Stephen Strader, an assistant professor of geography and the environment at Villanova University, says there are three changes scientists watch for: hurricane season’s length, the intensity of its storms, and the places where those storms occur. All are predicted using models, like those simulations of a storm’s path you see on a weather forecast.
Scientists have long predicted that the climate crisis will result in longer and more intense hurricane systems, something Strader says tropical cyclone activity over the past few years has borne out. Named storms increasingly occur outside the bounds of hurricane season, and major hurricanes like Maria, Harvey, Irma, and Florence have decimated coastal communities in the U.S.
“These are things we expected to happen, and now we’re seeing these things happen,” he says.
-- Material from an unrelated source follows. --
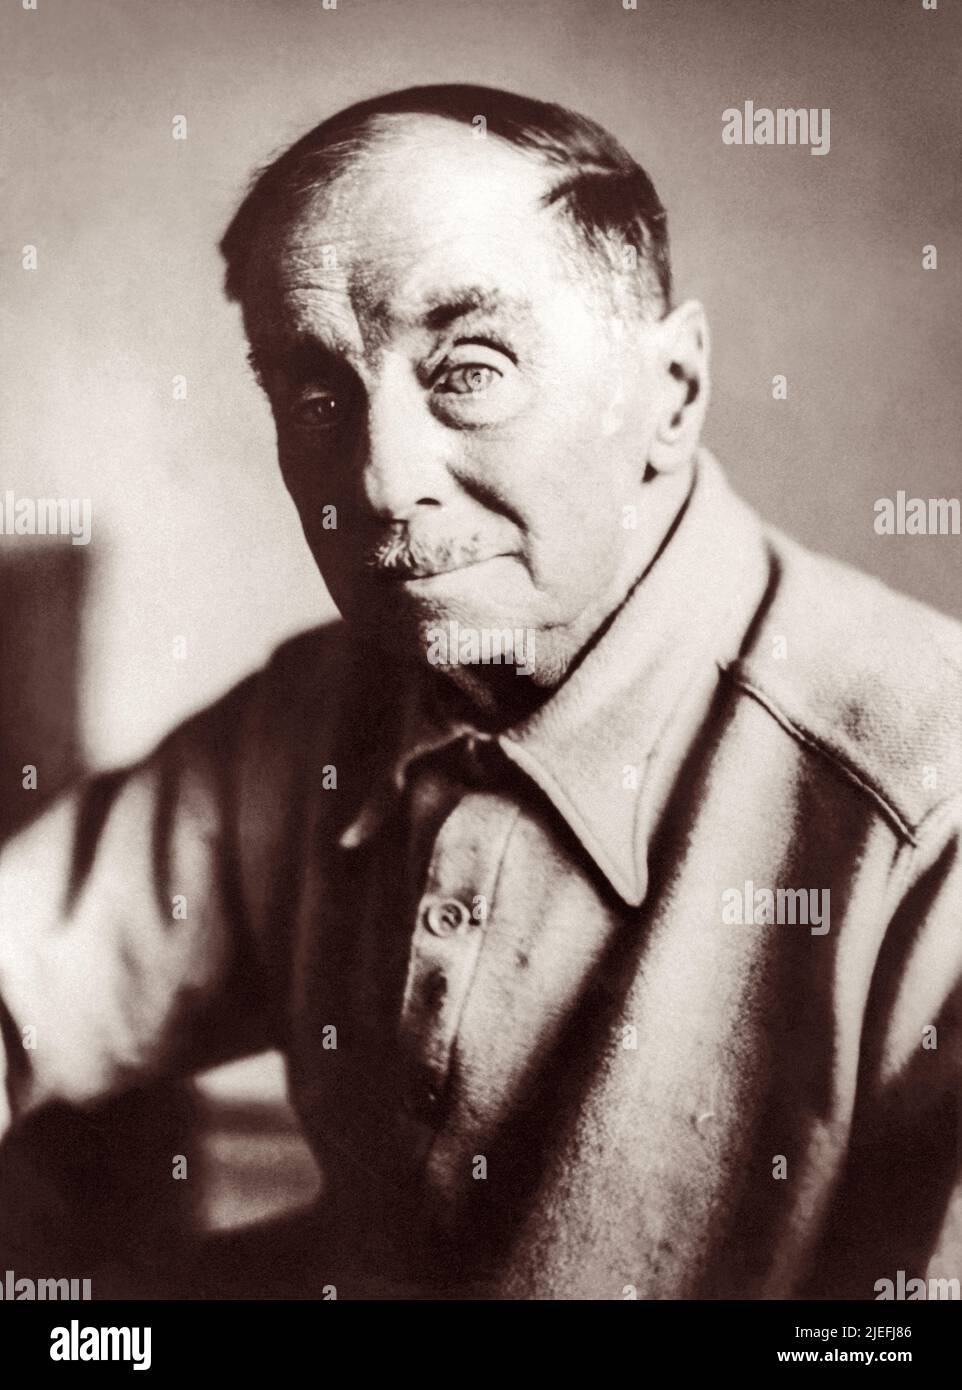 H.G. Wells (1866-1946), autore britannico di classici di fantascienza la guerra dei mondi, l'uomo invisibile, la macchina del tempo, e l'isola del Dott. Moreau. (Foto: 1944) Foto Stock

The oceans have warmed quickly over the past half century or so, and warm water means more hurricane fuel will be present in the oceans for a greater portion of the year.
But Bourassa isn’t convinced this 5-year period is significant, arguing that the situation is a lot more complicated than statistics would suggest.
“The problem is that the formation of hurricanes tends to go a little bit in cycles—you get periods with more hurricanes and periods with less,” he says, adding that because hurricane observation methods have improved so significantly over the years, data from just a few decades ago may not be as reliable to compare with today’s.
Bourassa also says the physics of hurricane formation is highly complex, as it depends on feedback and interplay between the ocean and the atmosphere. This makes modeling hurricane formation extremely difficult.
“We’re really good at modeling how a certain ocean will modify the atmosphere or how a certain atmosphere will modify the ocean, but we don’t do the two together very well,” Bourassa says. But as research teams continue to work on techniques and computer processing improves, he’s confident that viable models can be produced within five years.
While Bourassa is hesitant to tout Subtropical now-Depression Andrea as proof of a longer hurricane season fueled by the climate crisis, he doesn’t discount the sentiment. He hopes solid models can be developed to better test it soon. Without them, we’d have to wait for observational data to retroactively identify trends, after the storms have already passed and wreaked havoc on increasingly vulnerable coastal communities in the process.
“[Climate crisis predictions] are based on reasonable models, but we don’t have the data or the model accuracy we need to test them,” Bourassa says. “In terms of data, we would need a lot more data. We do not want to wait that long.”